Dataset excerpt:
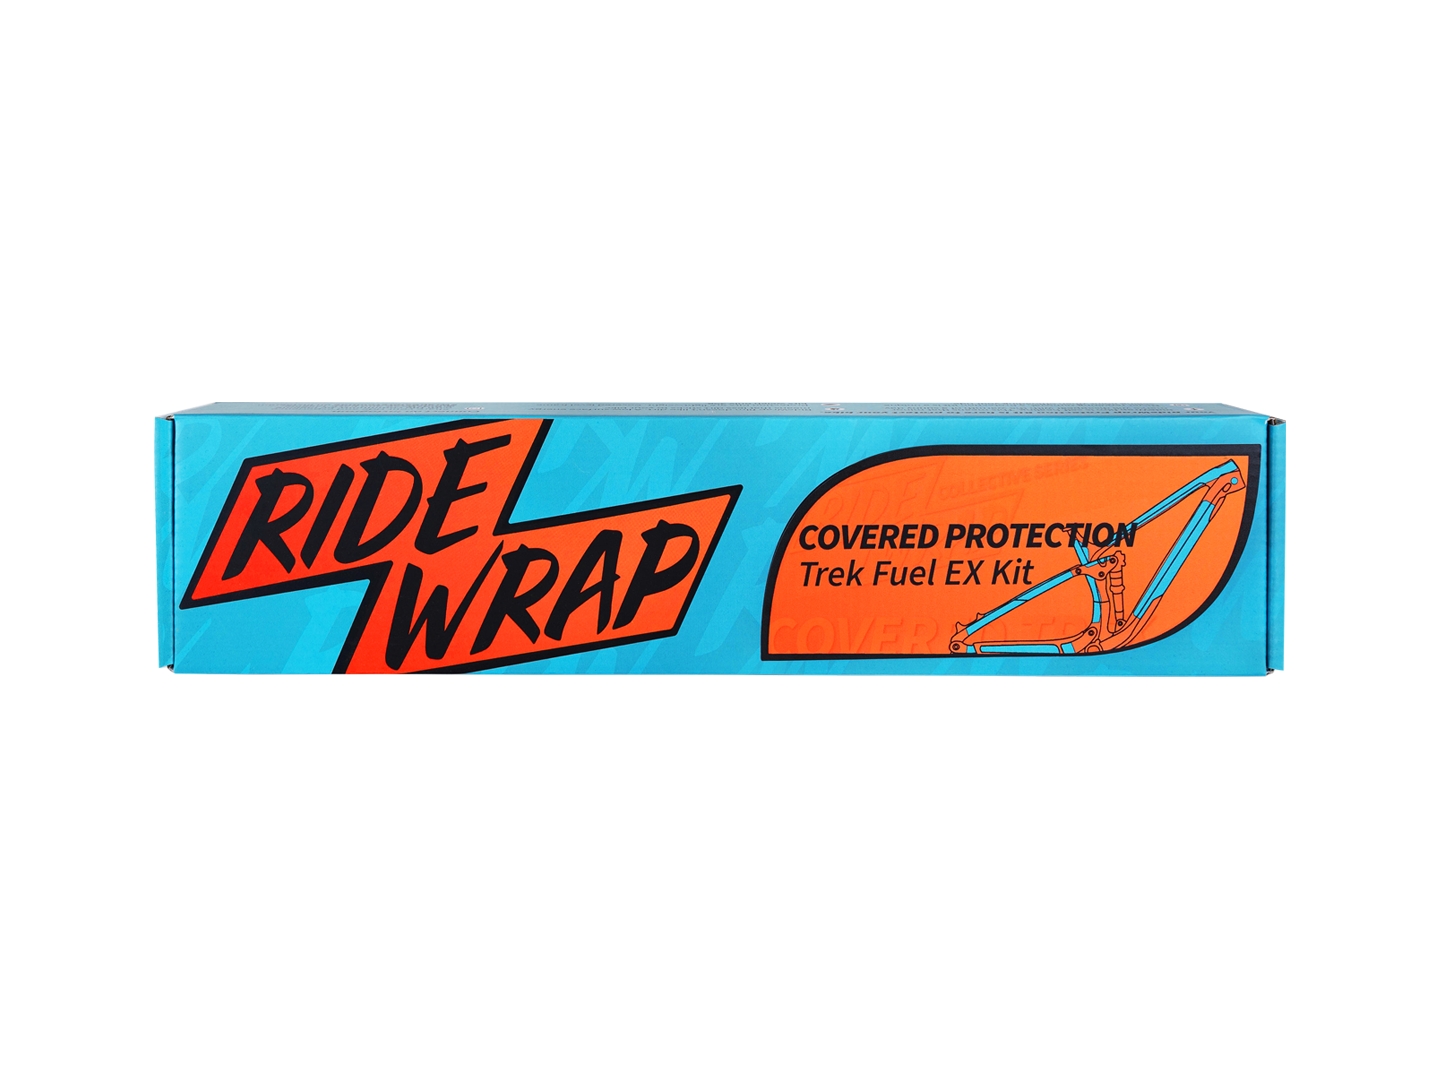 Kit vernis de protection clair mat RideWrap Trek Fuel EX Covered
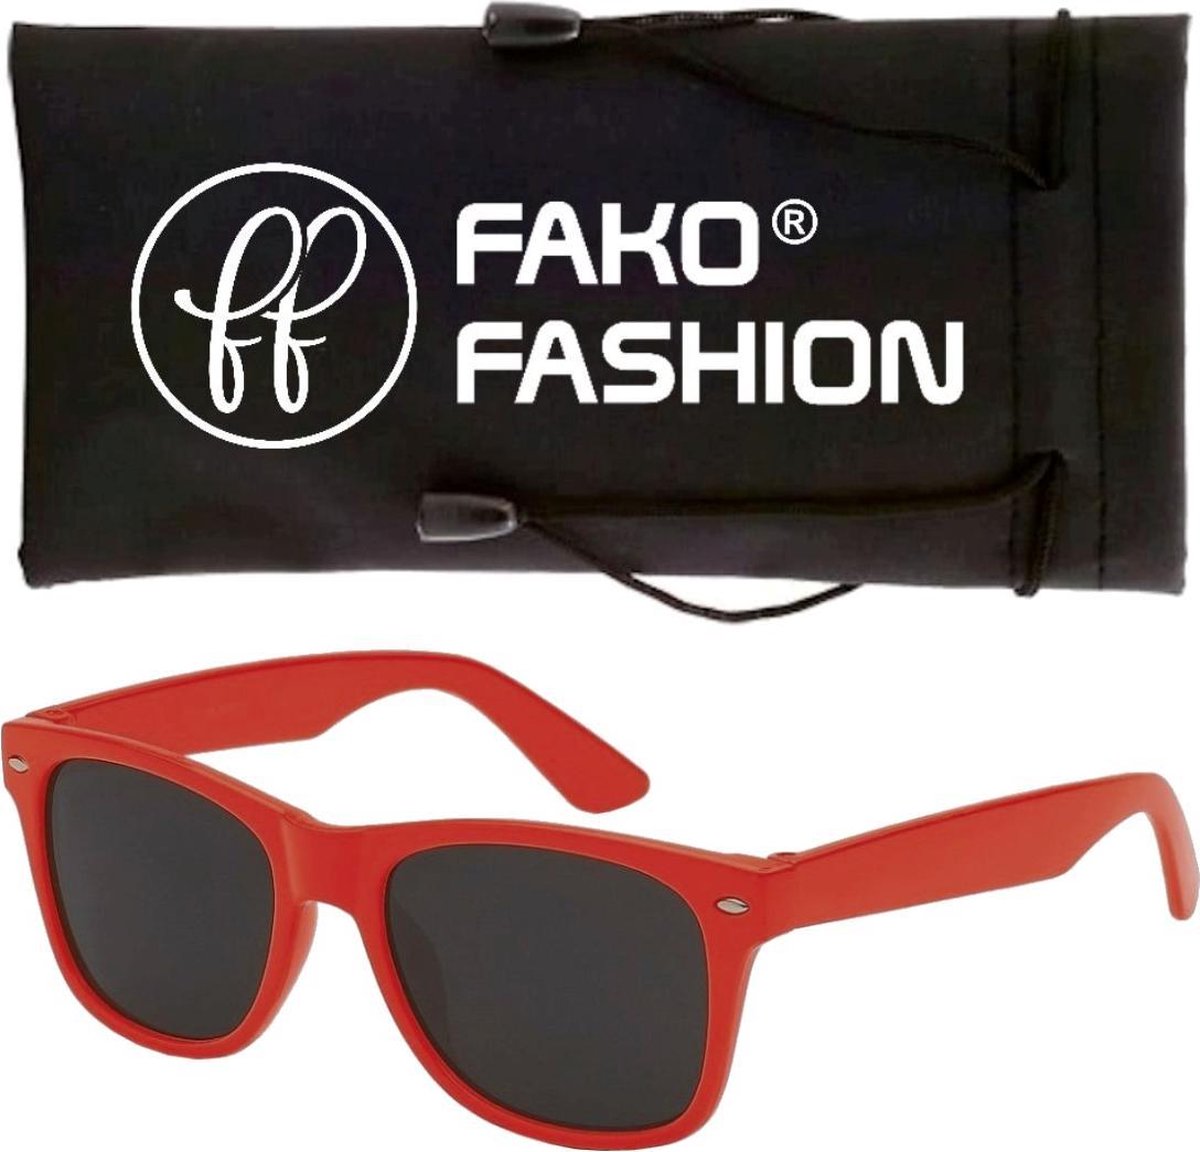 Fako Fashion® - Zonnebril - Classic - Rood
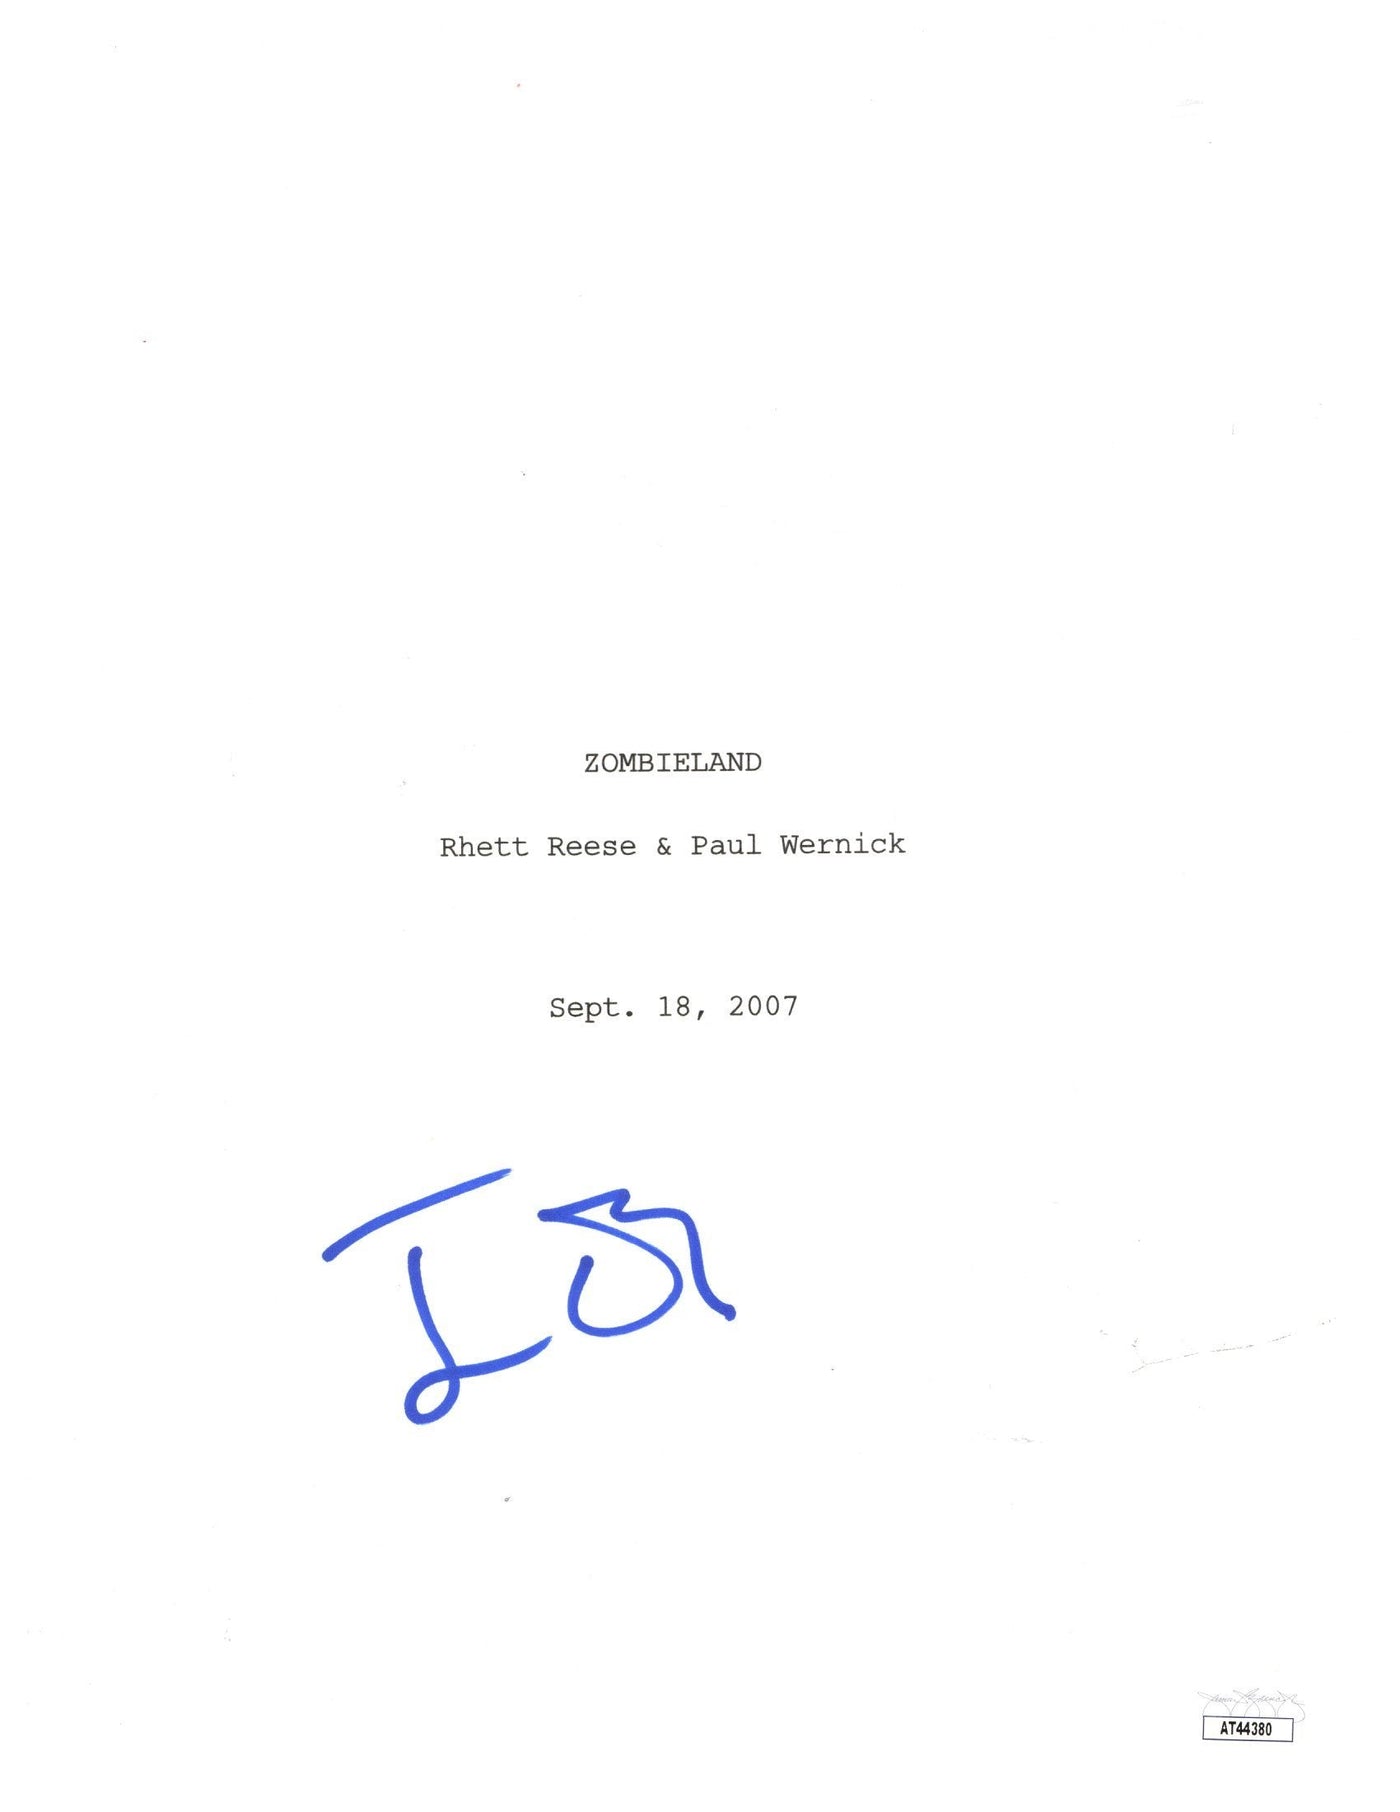 Jesse Eisenberg Signed Zombieland Movie Script Cover Autographed JSA COA

Exercise prompt: Leave every picture out, and transcribe the data above exactly as it reads.

Completed task:
 Kit vernis de protection clair mat RideWrap Trek Fuel EX Covered
 Fako Fashion® - Zonnebril - Classic - Rood
 Jesse Eisenberg Signed Zombieland Movie Script Cover Autographed JSA COA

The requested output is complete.